2
$\begingroup$

Suppose you have

$ Y = X^2+Y^2 $

where $X$ and $Y$ are both Gaussian with zero mean and variance $\sigma^2/2$ (you can think of $y$ as the square norm of $Z = X + jY$). The pdf should be Erlang, but I'm not sure about the values of $\lambda$ and $k$.

  • 0
    You've used the same letter, $Y$, for two different things.2011-08-18

2 Answers 2

1

The easiest way to solve this would be compute characteristic function $\mathbb{E}(\mathrm{e}^{i t Y}) = \mathbb{E}(\mathrm{e}^{i t (X_1^2 + X_2^2)}) = \mathbb{E}(\mathrm{e}^{i t X_2^2}) \mathbb{E}(\mathrm{e}^{i t X_1^2})$.

For normal variate:

$ \mathbb{E}(\mathrm{e}^{i t x^2}) = \int_{-\infty}^{\infty} \frac{\mathrm{d}x}{\sqrt{\pi} \sigma} \mathrm{e}^{i t x^2} \mathrm{e}^{- \frac{x^2}{\sigma^2}} = \frac{1}{\sigma} \left( \frac{1}{\sigma^2} - i t\right)^{-\frac{1}{2}} = \frac{1}{\sqrt{1- i t \sigma^2}} $

Then you would compare this to the characteristic function of $\Gamma$ distribution to determite that it is the characteristic function of of $\Gamma(\alpha = \frac{1}{2}, \beta = \sigma^2)$.

Added: I should add, after seeing Michael's response that combining we get $\mathbb{E}(\mathrm{e}^{i t Y}) = (1-i t \sigma^2)^{-1}$, and this is gamma distribution with $\alpha=1$, also known as exponential distribution.

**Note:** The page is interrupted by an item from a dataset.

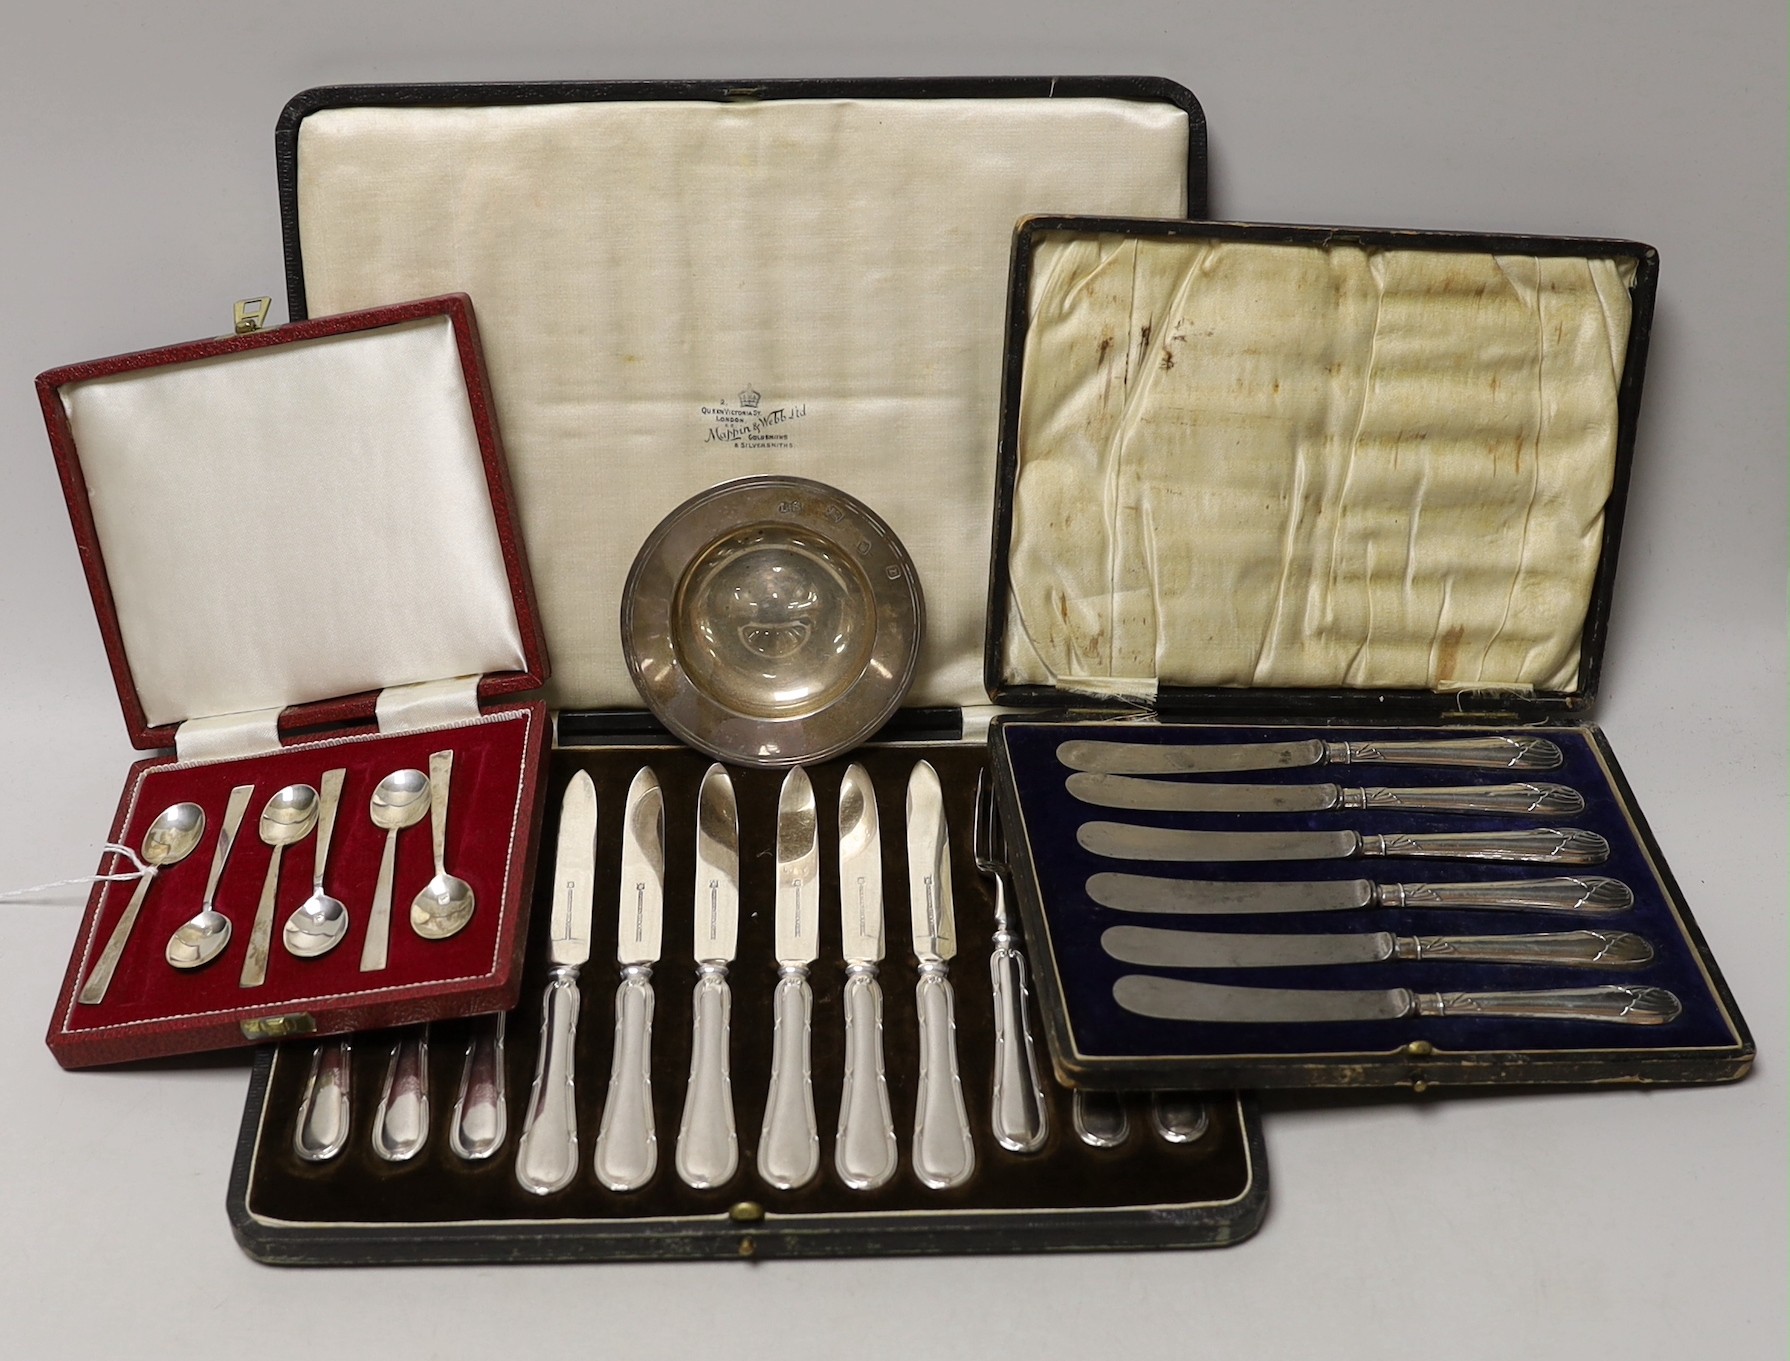 A cased set of six silver coffee spoons, a cased set of six silver-handled dessert knives, a small silver dish and a cased set of plated dessert knives and forks

Alternatively you should use the fact that $X_1 =^d \frac{\sigma}{\sqrt{2}} Z_1$, where $Z_1$ is standard normal variate. Then $Y = X_1^2+X_2^2 = \frac{\sigma^2}{2} (Z_1^2+Z_2^2)$. Notice that $Z_1^2 + Z_2^2$ follows $\chi^2_2$, i.e chi-squared with two degrees of freedom, hence $Y$ is a rescaled $\chi^2_2$ variate.

1

I see that Sasha has written a very careful answer with a conspicuous omission: What you get is an exponential distribution, with expected value $\sigma^2$ (since the variance you started with is $\sigma^2/2$.

The chi-square distribution with two degrees of freedom is a memoryless exponential distribution.